Variations and Substitutions
- Pasta: Swap penne with rigatoni, fusilli, or even spaghetti.
- Cream: Half-and-half or coconut cream can work in place of heavy cream for a lighter or dairy-free option.
- No vodka? Try white wine, or skip it and use a splash of lemon juice to balance the flavors.
- Add protein: Stir in cooked Italian sausage, grilled chicken, or shrimp.
FAQs
Can I make it ahead of time?
Yes! The sauce can be made a day ahead and stored in the fridge. Just reheat gently and add freshly cooked pasta.
Is it kid-friendly?
The alcohol mostly cooks out, but you can skip the vodka or use a substitute if preferred.
Can I freeze it?
The sauce freezes well without the cream. Add cream after thawing and reheating.
Serving Suggestions
- Pair with a green salad and garlic bread.
- Serve alongside roasted vegetables or sautéed spinach.

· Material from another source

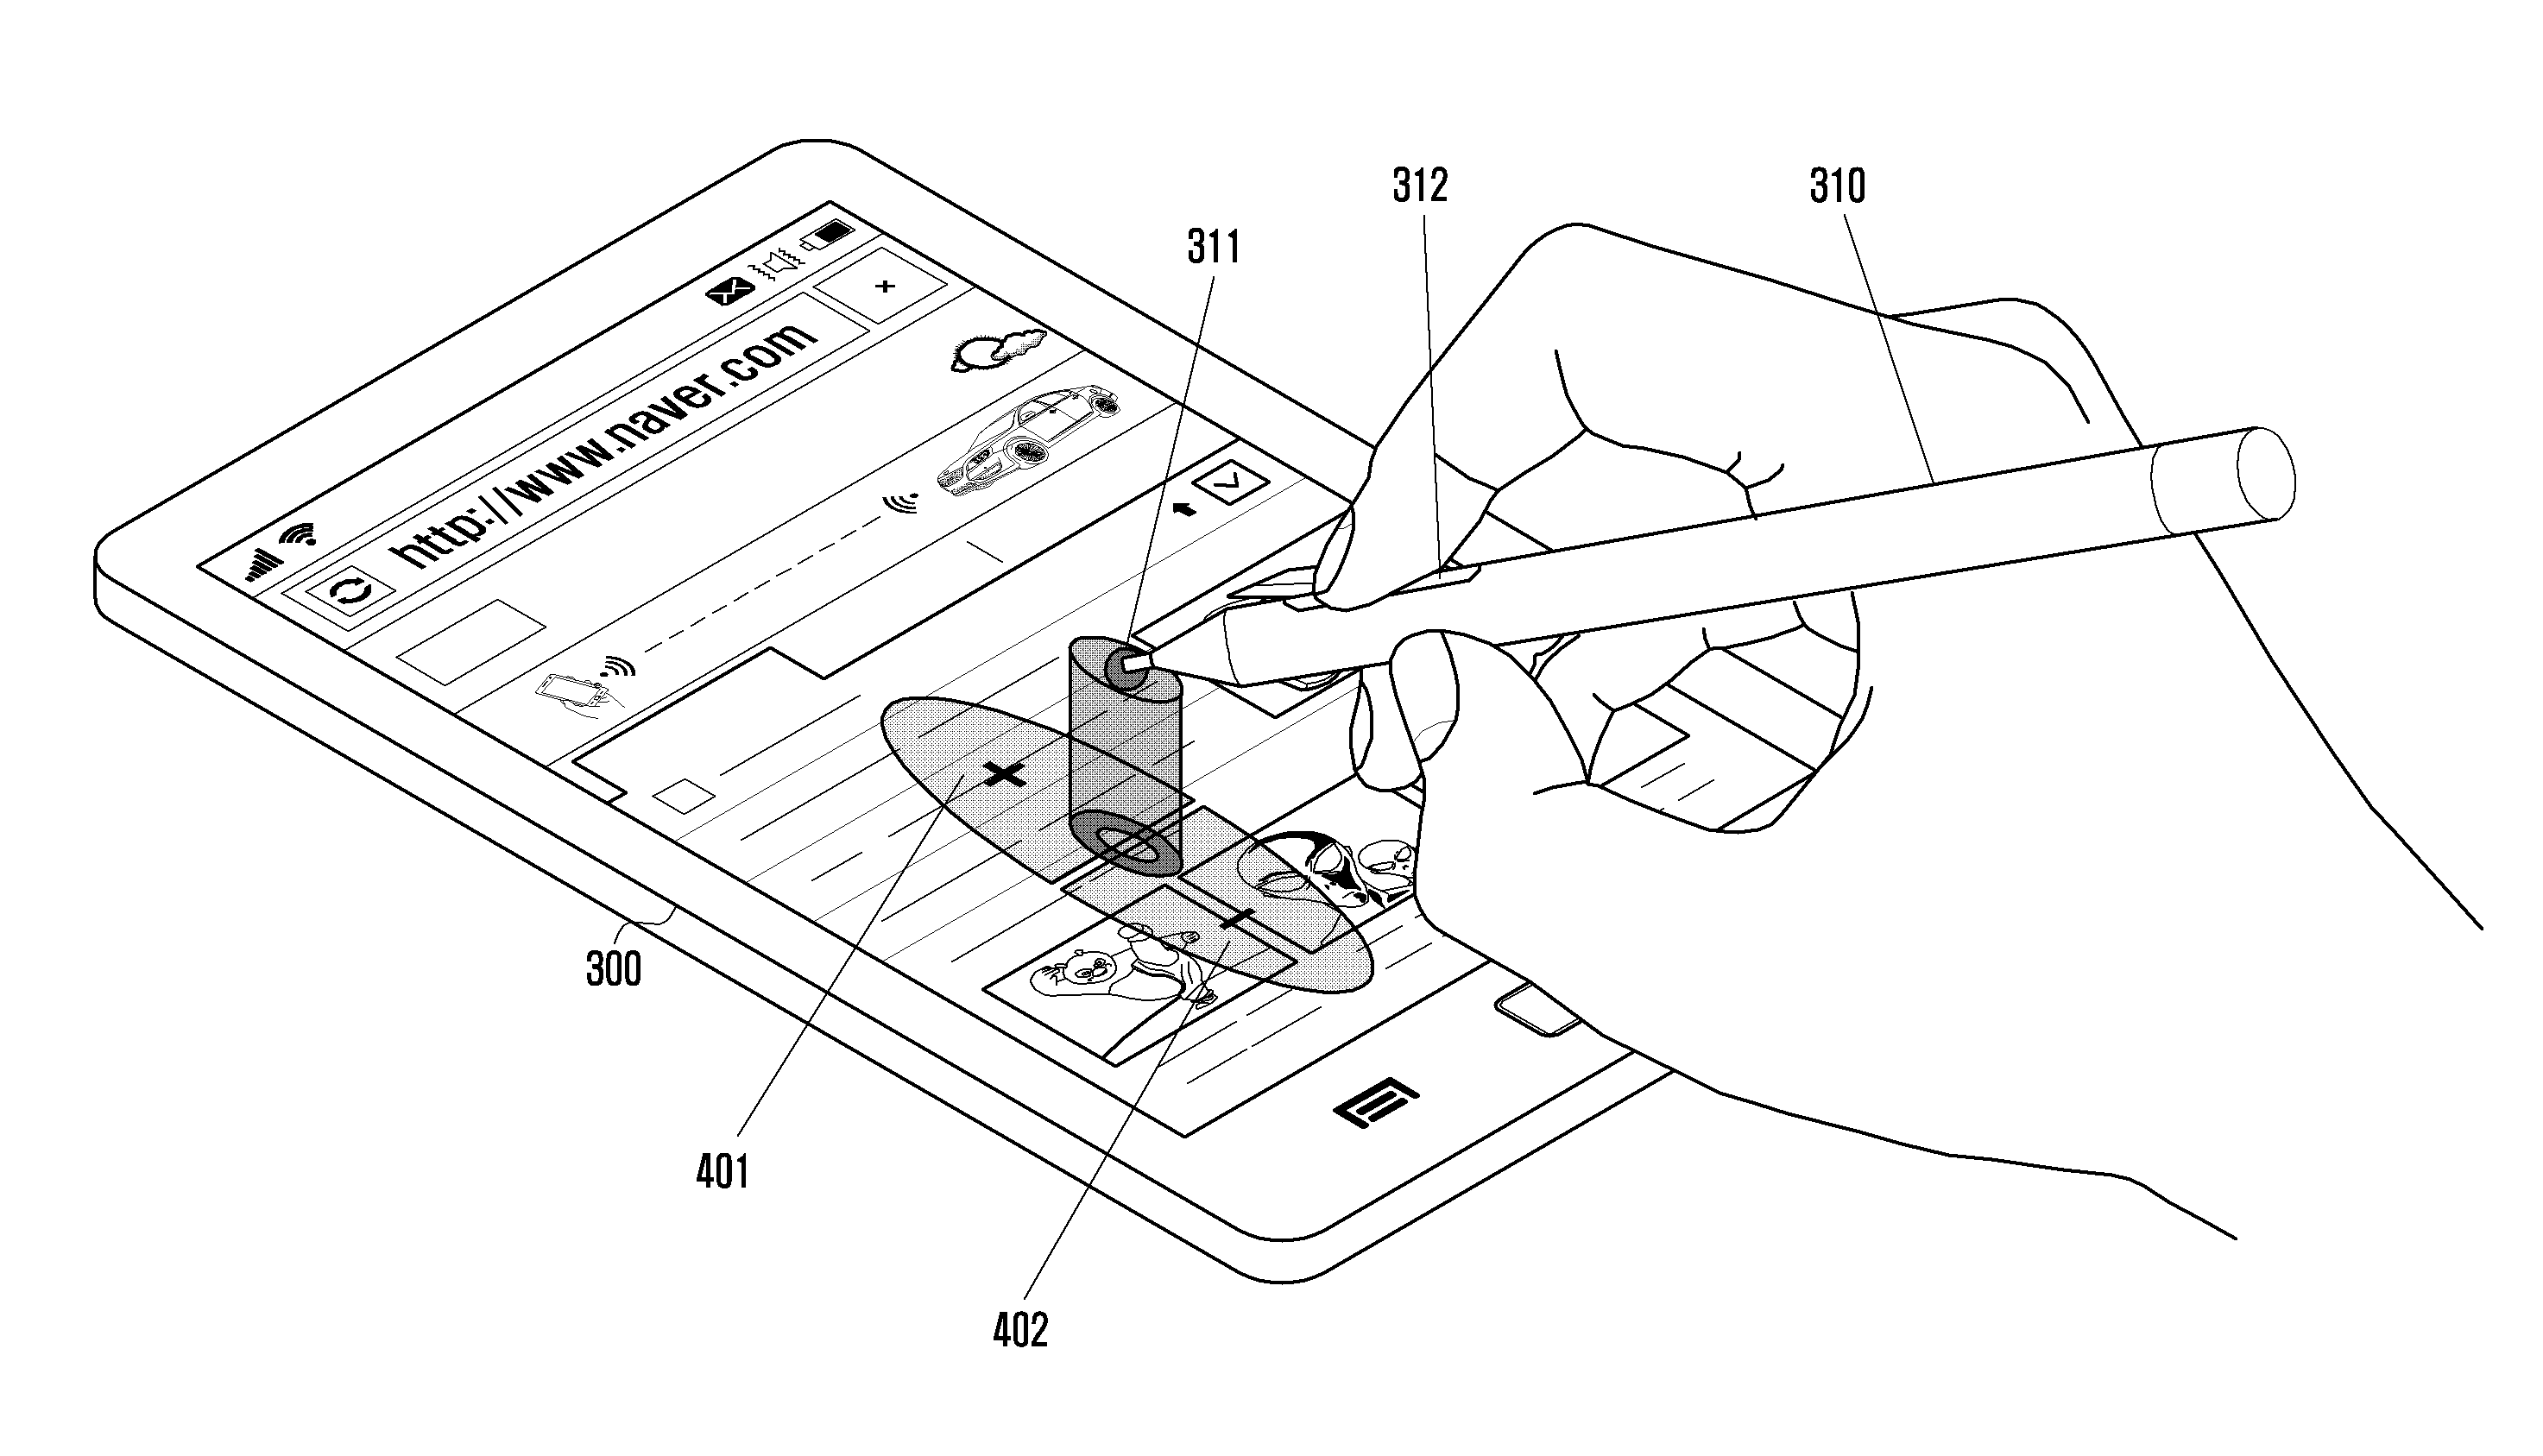 Enlargement and reduction of data with a stylus

- A crisp white wine like Pinot Grigio complements the richness perfectly.
Why You’ll Love This Recipe
- Simple ingredients, big flavor
- Comforting, creamy, and just the right amount of spicy
- Great for entertaining or cozy weeknights
- Easily adaptable to what you have on hand
Penne alla Vodka
4
servings5
minutes25
minutesIngredients
3 Tbsp extra virgin olive oil
1/2 medium yellow onion, finely chopped (about 1 cup)
4 garlic cloves, minced
3 Tbsp double-concentrated tomato paste
1/4 cup vodka
14 oz canned whole tomatoes
1/4 tsp crushed red pepper flakes (or to taste)
1/2 tsp fine sea salt, plus more for pasta water
3/4 cup heavy whipping cream
1/2 cup freshly grated Parmesan cheese, plus more for serving
1 lb penne or rigatoni
1/2 cup reserved pasta cooking water (or as needed)
Fresh parsley or basil, chopped or torn, for garnish
Directions
- Make the Sauce Base
- In a large Dutch oven or non-reactive pot, heat olive oil over medium heat. Add chopped onions and sauté until softened, about 5–6 minutes. Stir in minced garlic and cook for 30 seconds until fragrant.
- Add Tomato Paste and Vodka
- Stir in the tomato paste and vodka. Cook for about 2 minutes, allowing the alcohol to mostly evaporate while stirring constantly.
- Add Tomatoes and Simmer
- Pour in the canned whole tomatoes, crushed red pepper flakes, and salt. Use a spatula to break up the tomatoes. Simmer the sauce partially covered over low heat for 15 minutes, stirring occasionally.
- Cook the Pasta
- While the sauce simmers, bring a large pot of salted water to a boil (it should taste like the sea). Add pasta and cook until al dente according to package instructions. Reserve 1/2 cup of the pasta cooking water before draining.
- Finish the Sauce
- Stir the heavy cream into the tomato mixture, then add Parmesan cheese. Bring back to a low simmer until the cheese is melted and sauce is smooth.
- Combine Pasta and Sauce
- Add cooked pasta directly into the sauce. Toss to combine, adding reserved pasta water a few tablespoons at a time until desired consistency is reached. Taste and adjust salt if needed.
- Serve
- Garnish with more Parmesan and fresh parsley or basil before serving.